Asked about the risks Beijing might face if it provides economic help to Moscow, including sanctions blowback, China’s foreign ministry told Reuters in a statement: “China and Russia will continue to carry out normal economic and trade cooperation in a spirit of mutual respect, equality and mutual benefit.”

But stress to global trade resulting from the war is already apparent in export bans and supply chain snarls.

Materials from Indonesian coal to Egyptian pulses and vegoils are unavailable for foreign sale.

Food buyers are scrambling for rice to replace Ukrainian and Russian wheat, a fertiliser shortage looms as the world is cut off from Russian potash – a key ingredient – and there seems to be little momentum to repair the globalised system.

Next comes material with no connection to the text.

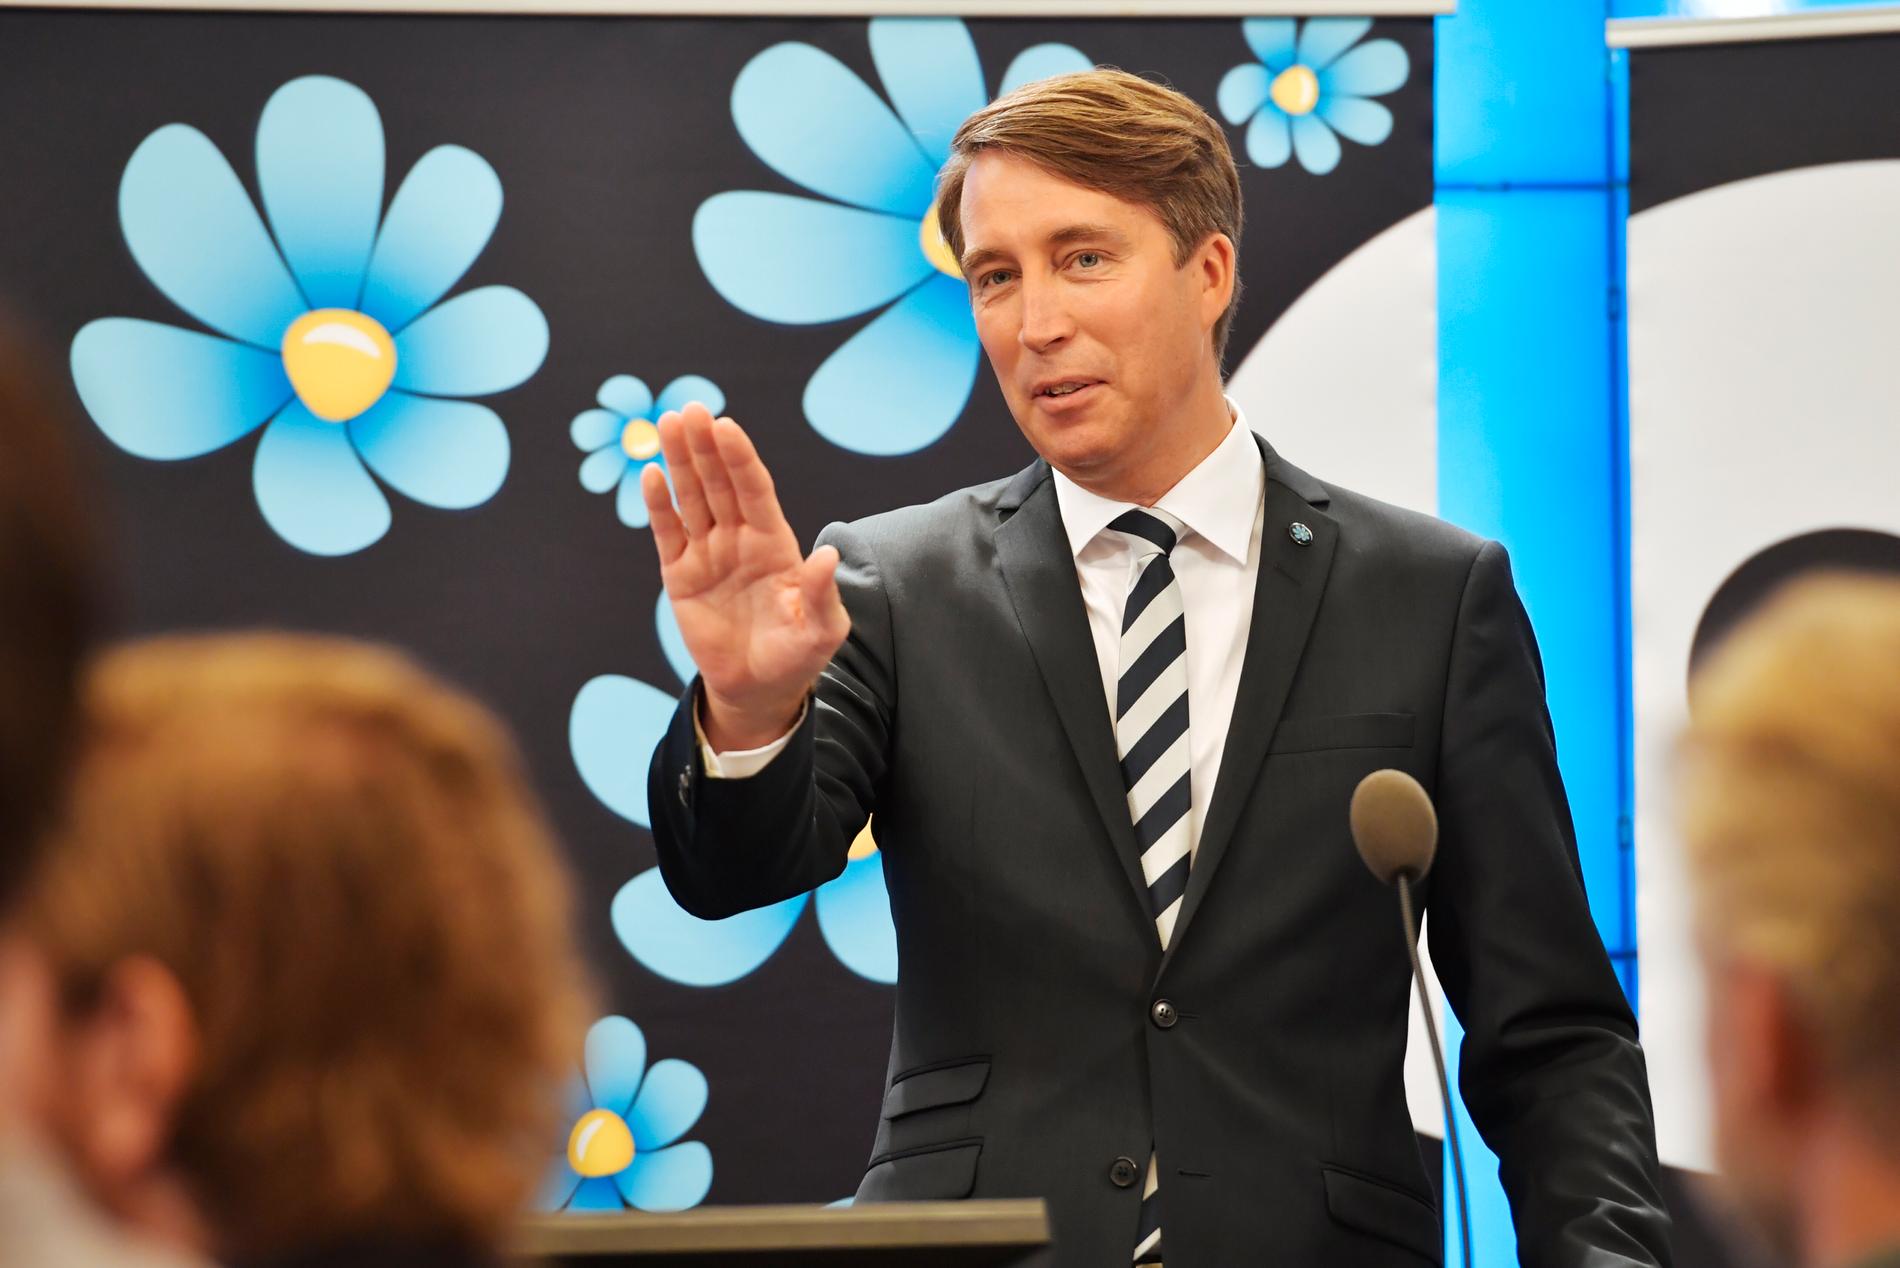 Sverigedemokraternas partisekreterare Richard Jomshof på pressträff om partiets kommunstrategi.

In its place are hints at a new order where Russia’s commodity and energy exports find markets in China and India while Australian minerals and gas end up in Europe.

CAUTION

Morgan Stanley strategist Jonathan Garner said in a recent podcast he was more cautious on India and China and was seeking exposure to Australia as an exporter aligned with sources of global capital and thus less prone to its withdrawal.

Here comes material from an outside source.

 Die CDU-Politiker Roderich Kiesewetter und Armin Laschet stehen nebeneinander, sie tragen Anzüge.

India, meanwhile, a buyer of Russian military hardware, is mulling an offer for cheap Russian crude and, according to banking sources, is exploring setting up a payment mechanism for rupee-rouble trade.

Decisions in China, the world’s biggest exporter, have the potential to drive sizeable flows of money and goods outside a dollar-dominated system – something Beijing has sought to do for a decade.

“In essence they’re creating their own operating platform which is different to the past 70 years…of the U.S.-led global capital system,” said George Boubouras, head of research at K2 Asset Management which invests globally from Melbourne.

This week the Wall Street Journal reported that talks between China and Saudi Arabia about trading oil for yuan rather than dollars had accelerated, perhaps a step forward in the efforts to promote the yuan as a trade and reserve currency.

Reuters was unable to confirm the report.

However, China keeps a tight leash on the yuan and its takeup as a reserve currency remains modest.

Most market participants also doubt that China would suffer any sudden exclusion from its Western export markets, but there is a distinct flavour of epochal change in market commentary.

“When this crisis (and war) is over, the U.S. dollar should be much weaker and on the flipside, the renminbi much stronger,” Credit Suisse strategist Zoltan Pozsar said in a note outlining a “regime shift” as China buys Russian commodities.

Diego Parrilla, who manages Quadriga Igneo, a $150 million fund designed to profit in turmoil, takes a very different view, and is wagering that the yuan falls as trade fragments and China prints or borrows more and more to support its economy.

“There is no return from here. Russia is heading East, not West… I think globalisation as we know it is finished, and we are in a de-facto bipolar world,” he said.